Monopsony Demand Curve With A Price Floor

Because the monopsonist is the sole de mander of labor in the market the monopsonist s demand for labor is the market demand for labor.
Monopsony demand curve with a price floor. A monopsonist is a single buyer of labour such as de beers the diamond producer and the major employer of diamond workers in south africa monopsonists are common in some small towns where only one large firm provides the majority of employment. Minimum wage and monopsony. If farmers don t sell to the big supermarkets there are few alternatives. Unlike a firm operating in a perfectly competitive labor market the monopsonist does not simply hire all the workers that it wants at the equilibrium.

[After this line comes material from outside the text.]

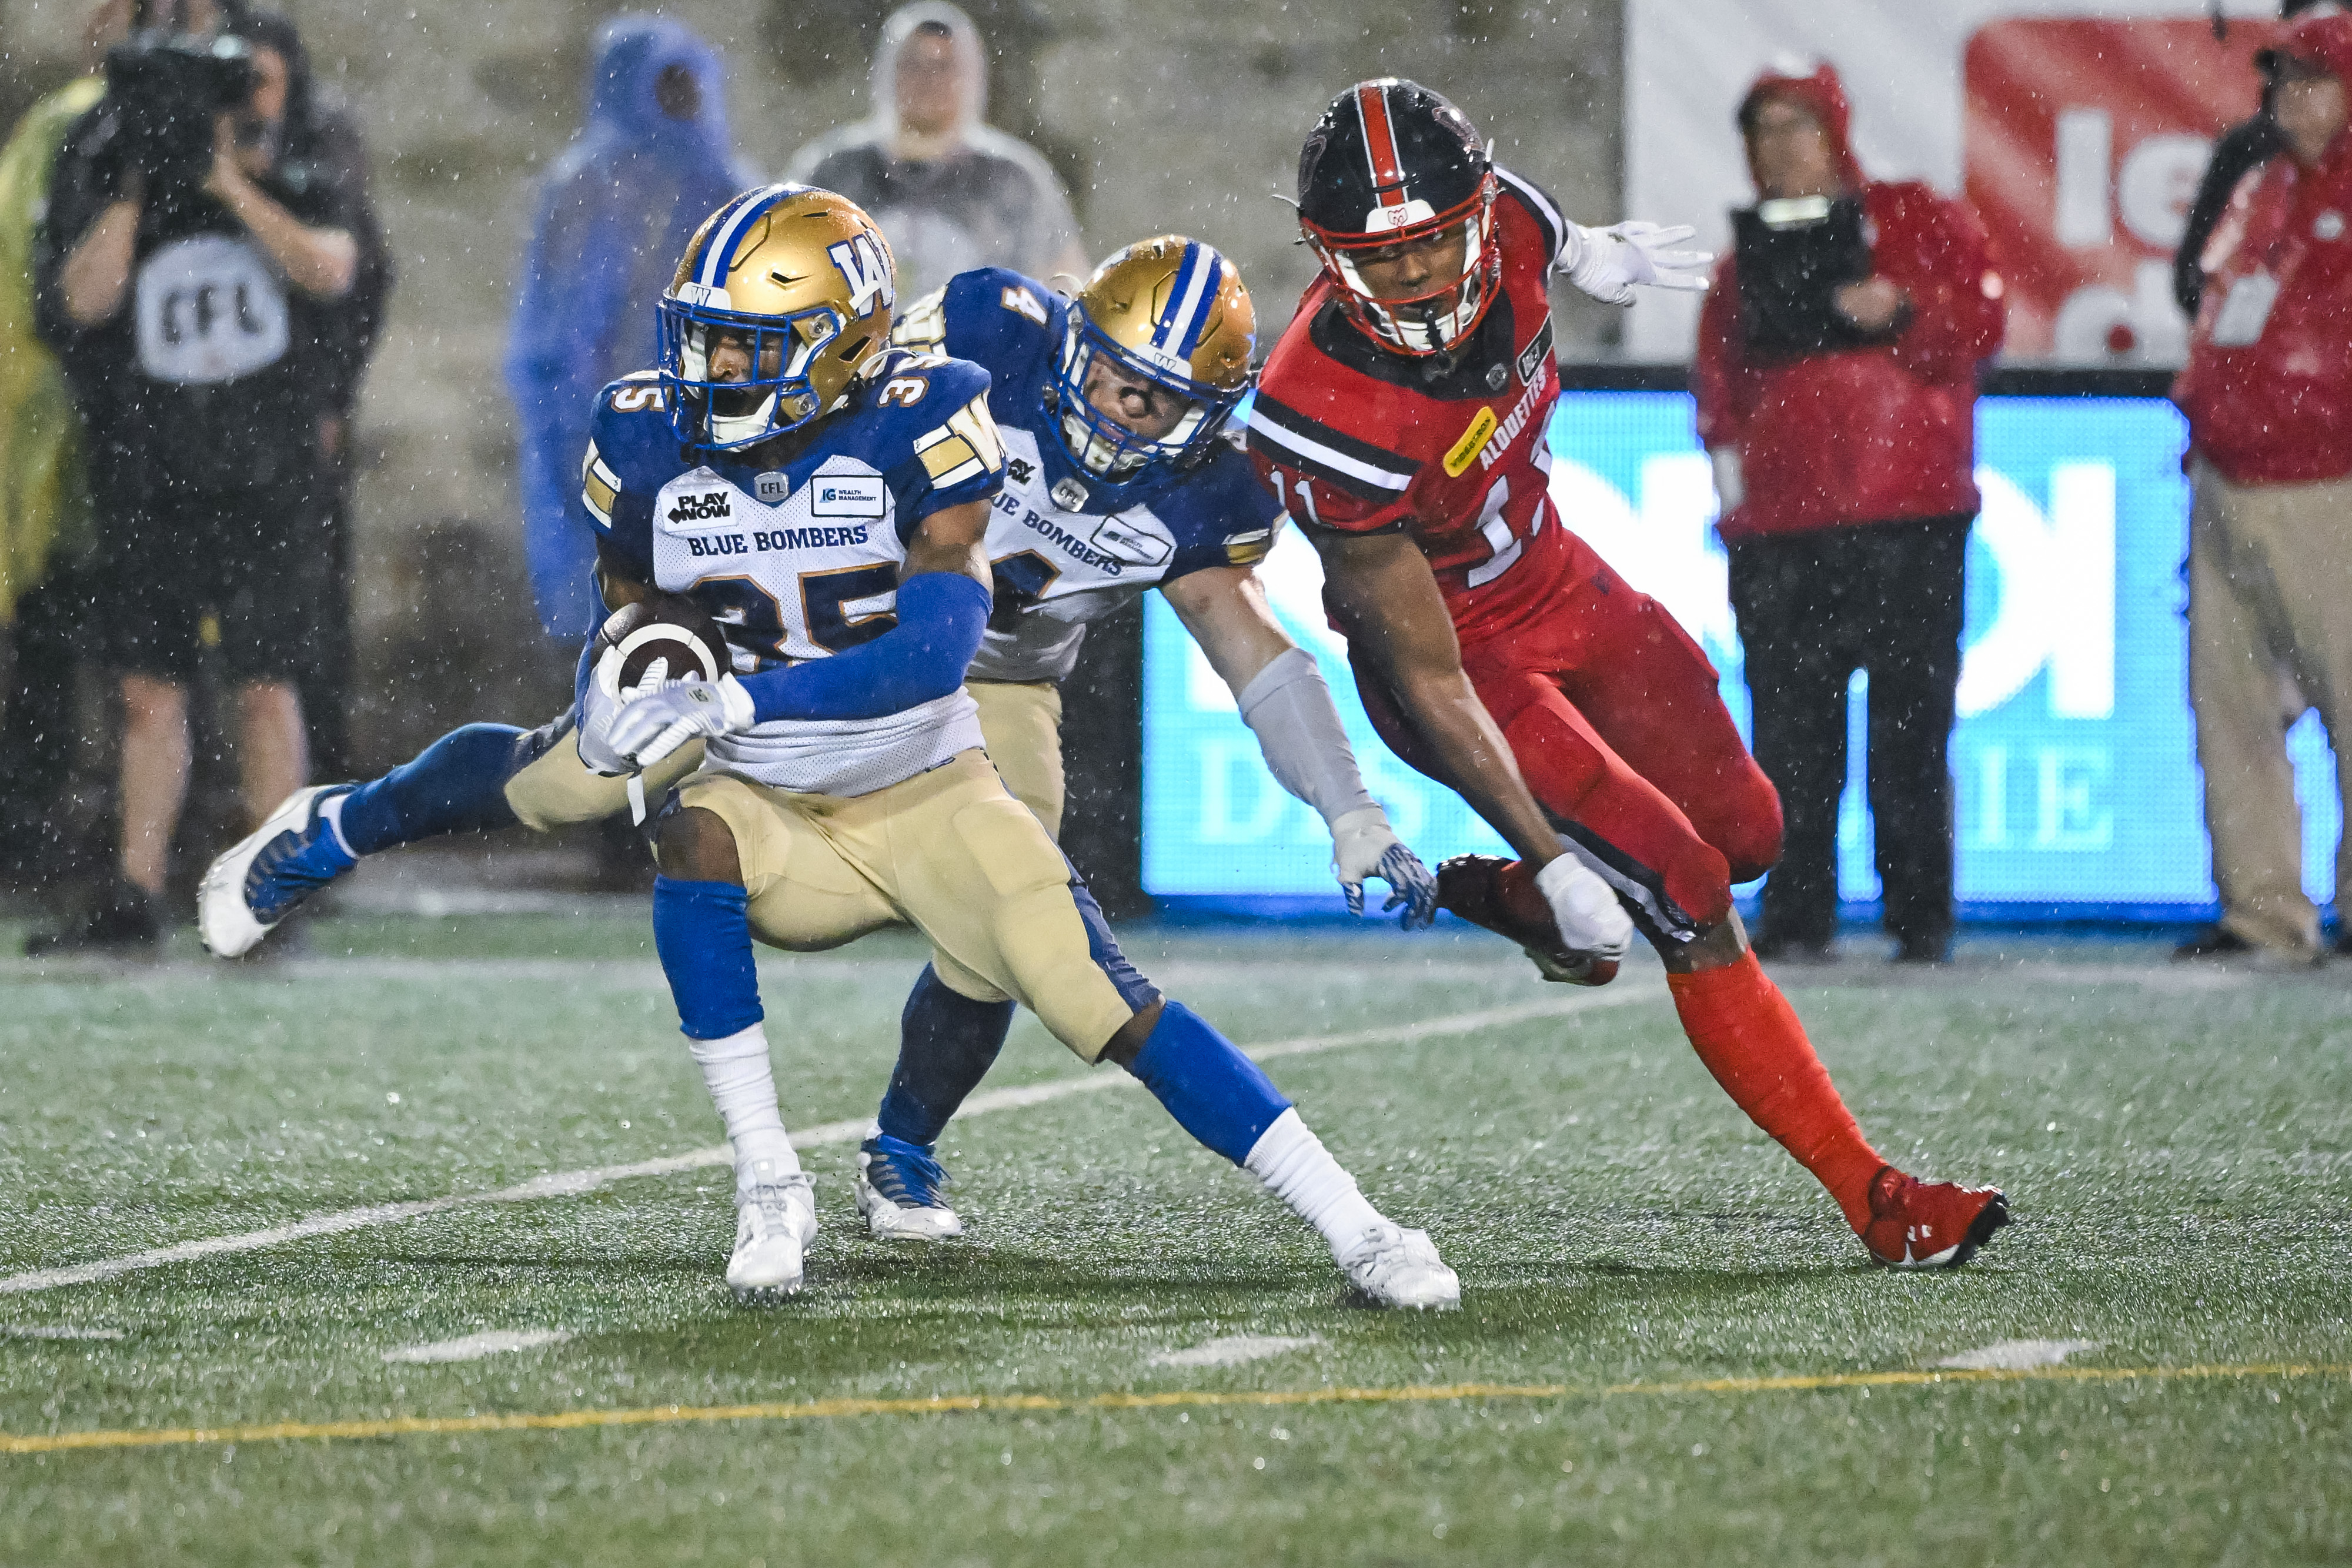 Montreal Alouettes at Winnipeg Blue Bombers Free Live Stream - How to Watch and Stream Major League and College Sports

A monopsony employer faces a supply curve s a marginal factor cost curve mfc and a marginal revenue product curve mrp it maximizes profit by employing l m units of labor and paying a wage of 4 per hour. This has led to farmer protests about the price of milk. A modest price floor forces the monopsonist to take price as given and increase its purchases toward the level of competitive buyers. A monopsony employer faces a supply curve s a marginal factor cost curve mfc and a marginal revenue product curve mrp.
It maximizes profit by employing lm units of labor and paying a wage of 4 per hour. The imposition of a minimum wage of 5 per hour makes the dashed sections of the supply and mfc curves irrelevant. In principle inefficiency from monopsony can be mitigated by a well placed legal price floor which removes the monopsonist s power over price and eliminates its incentive to restrict the quantity it purchases. The imposition of a minimum wage of 5 per hour makes the dashed sections of the supply and mfc curves irrelevant.
Monopsony in product markets. In several industries there is one buyer and several sellers. The supply of labor that the monopsonist faces is the market supply of labor. Supermarkets have monopsony power in buying food from farmers.
The special case of the monopsonist is an important one. This curve relates the wage paid to.